Mumsnet has not checked the qualifications of anyone posting here. If you need help urgently or expert advice, please see our domestic violence webguide and/or relationships webguide. Many Mumsnetters experiencing domestic abuse have found this thread helpful: Listen up, everybody

can an affair work out?

80 replies

charlie7171 · 28/04/2010 02:45

i am married. i have been having an affair with a married man for 9 months, though we have known each other for 5 years. he has been married 7 years, no kids. i have been married 10 years, with 2 kids.

do affairs ever work out? is there anyone that can give us advice? the whole internet just tells me i'm a horrible person. i need advice. i want to know stories where an affair has actually turned into a good relationship.

we know what we are doing is wrong. we feel horrible about what we are doing to our spouses though we often talk about building a life together. we do love each other, i know i do, and i believe him when he says he does too. we communicate with each other better than we ever have with anybody else. i know so much more about him, and he knows so much more about me, than my husband and i did when we got married, maybe even more than we know about each other now.

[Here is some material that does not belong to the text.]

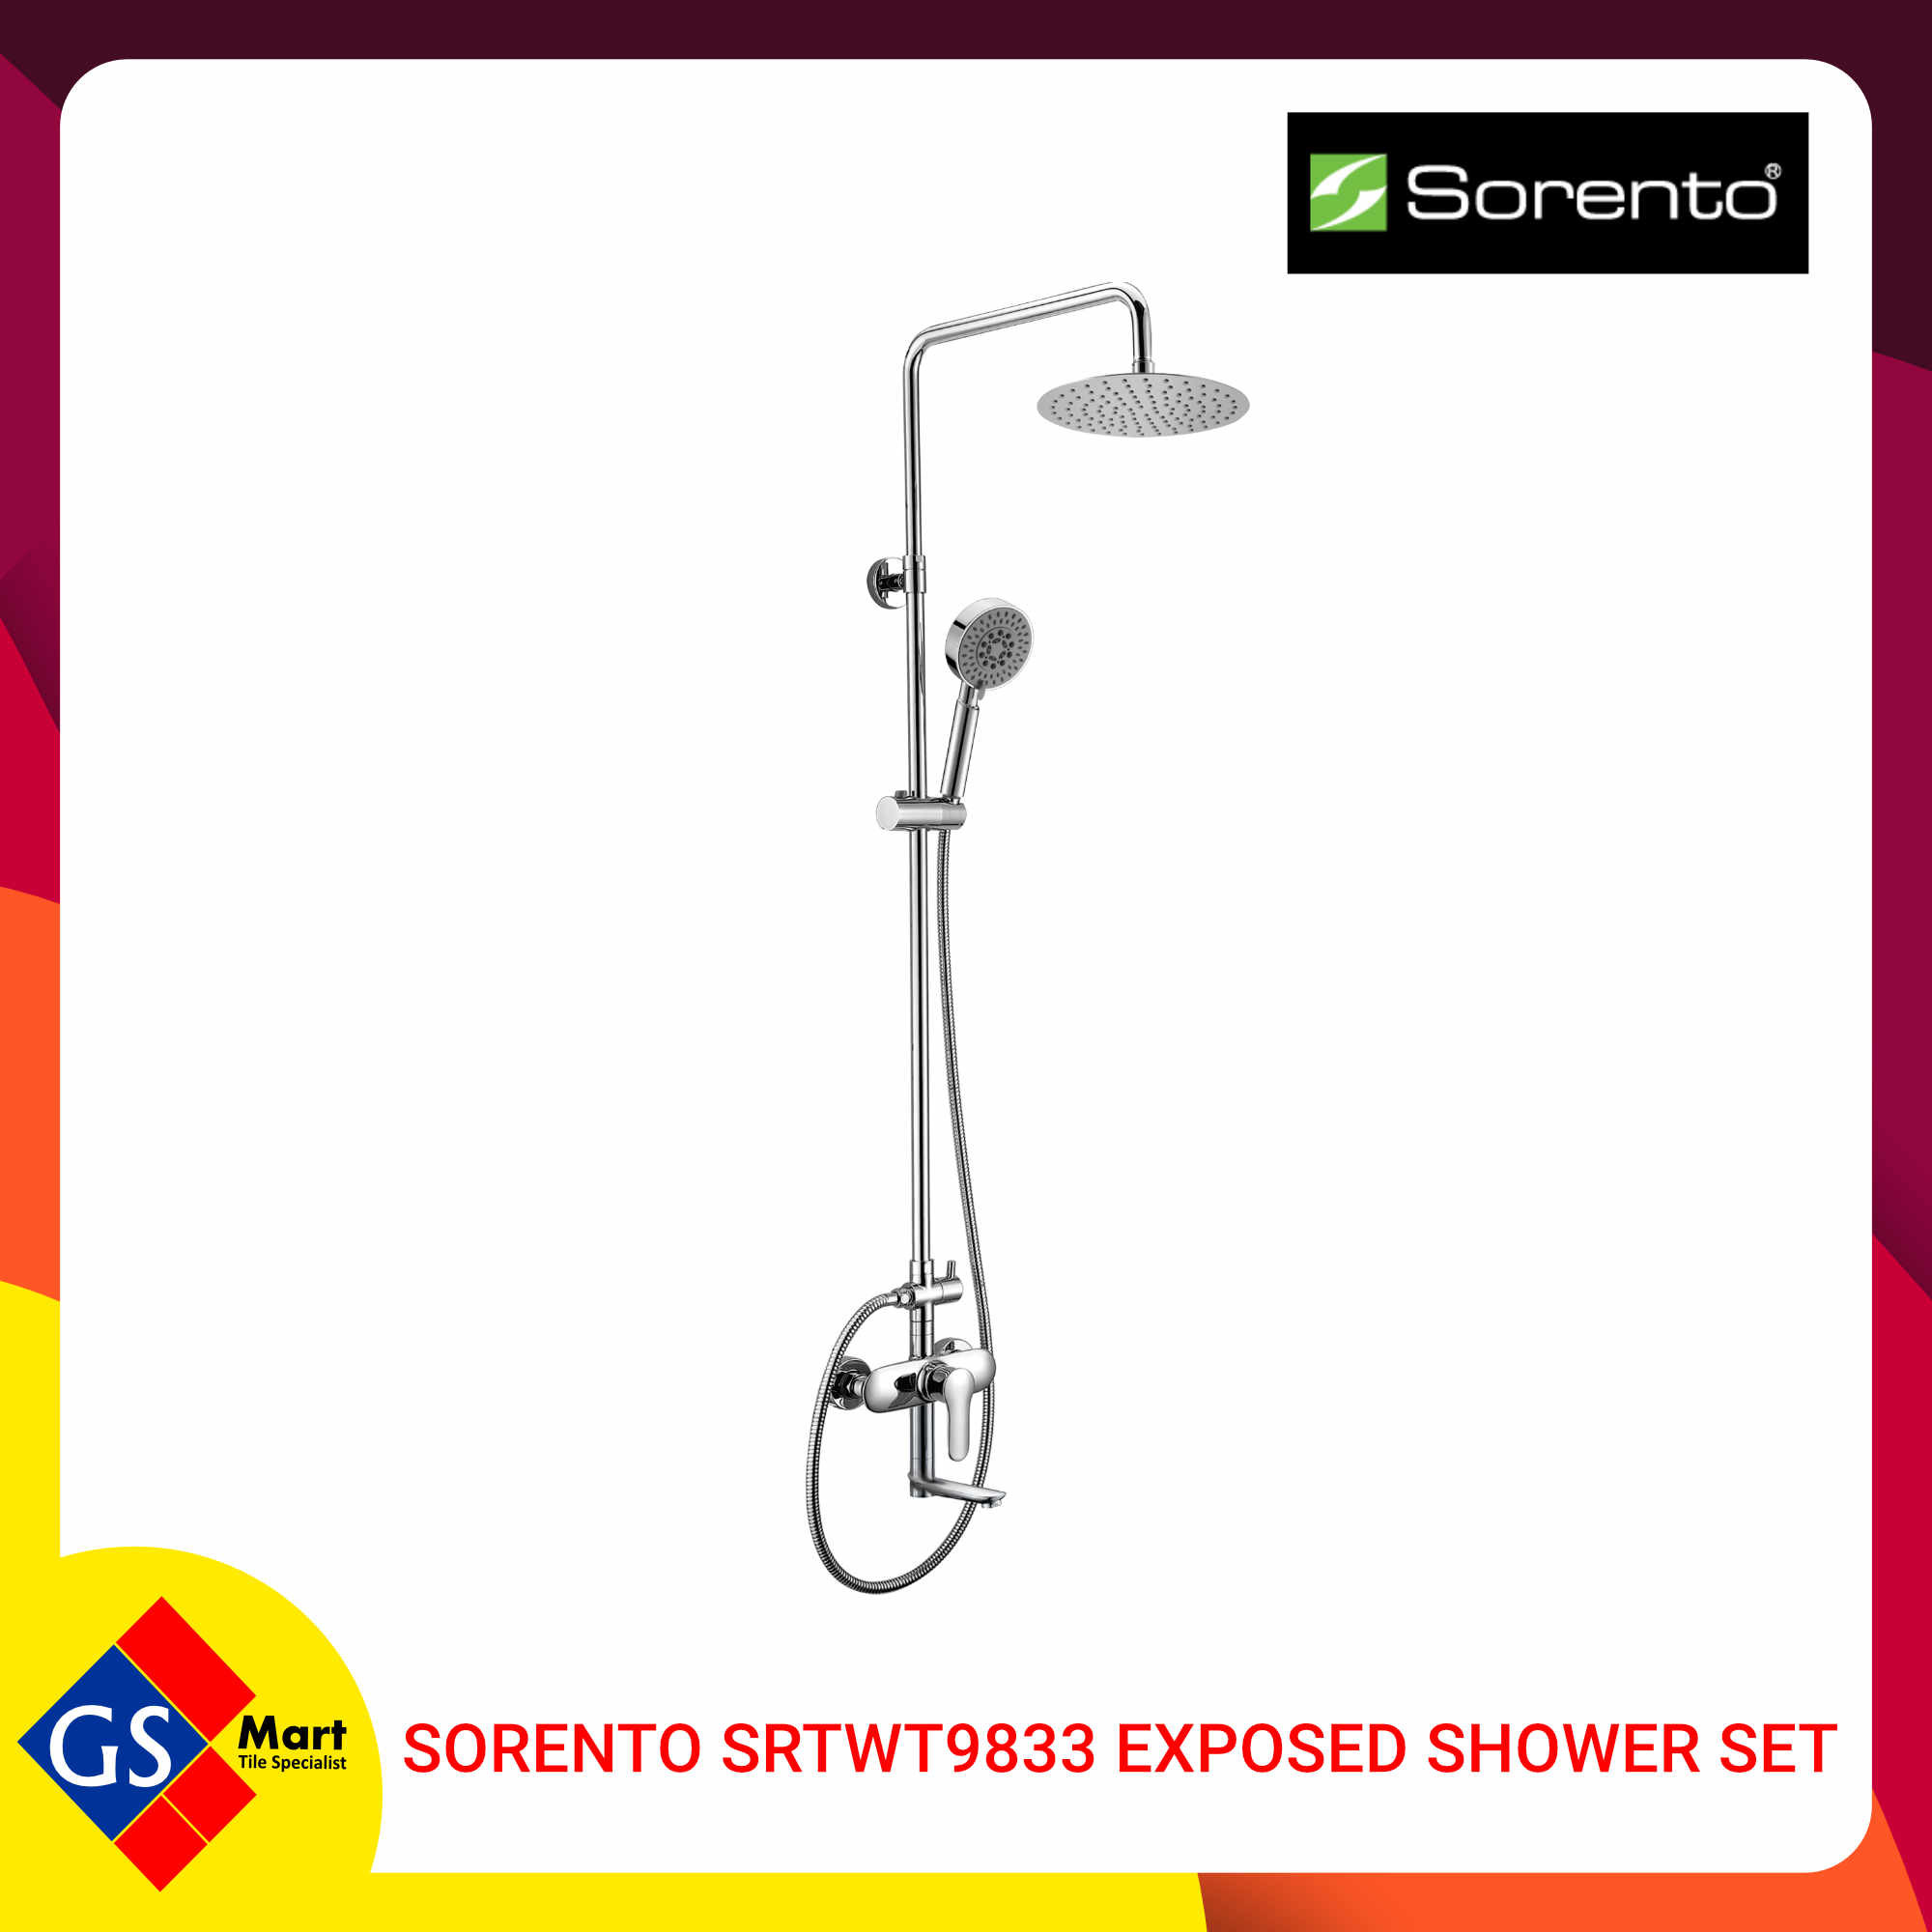 Sorento SRTWT9833 Exposed Shower Set

we talk to each other so much: we know each other's faults, and cracks and bad sides; we've had disagreements, even sobbing arguments, much due to the pressure; so it's not all roses - we know how difficult it is. yet we've also seen the loveliness in each other, the strengths and joys. we've shared so much, albeit in secret and absolutely love each other's company. our interests coincide and complement; the respect we have for each other's work is unlike anything i've known before.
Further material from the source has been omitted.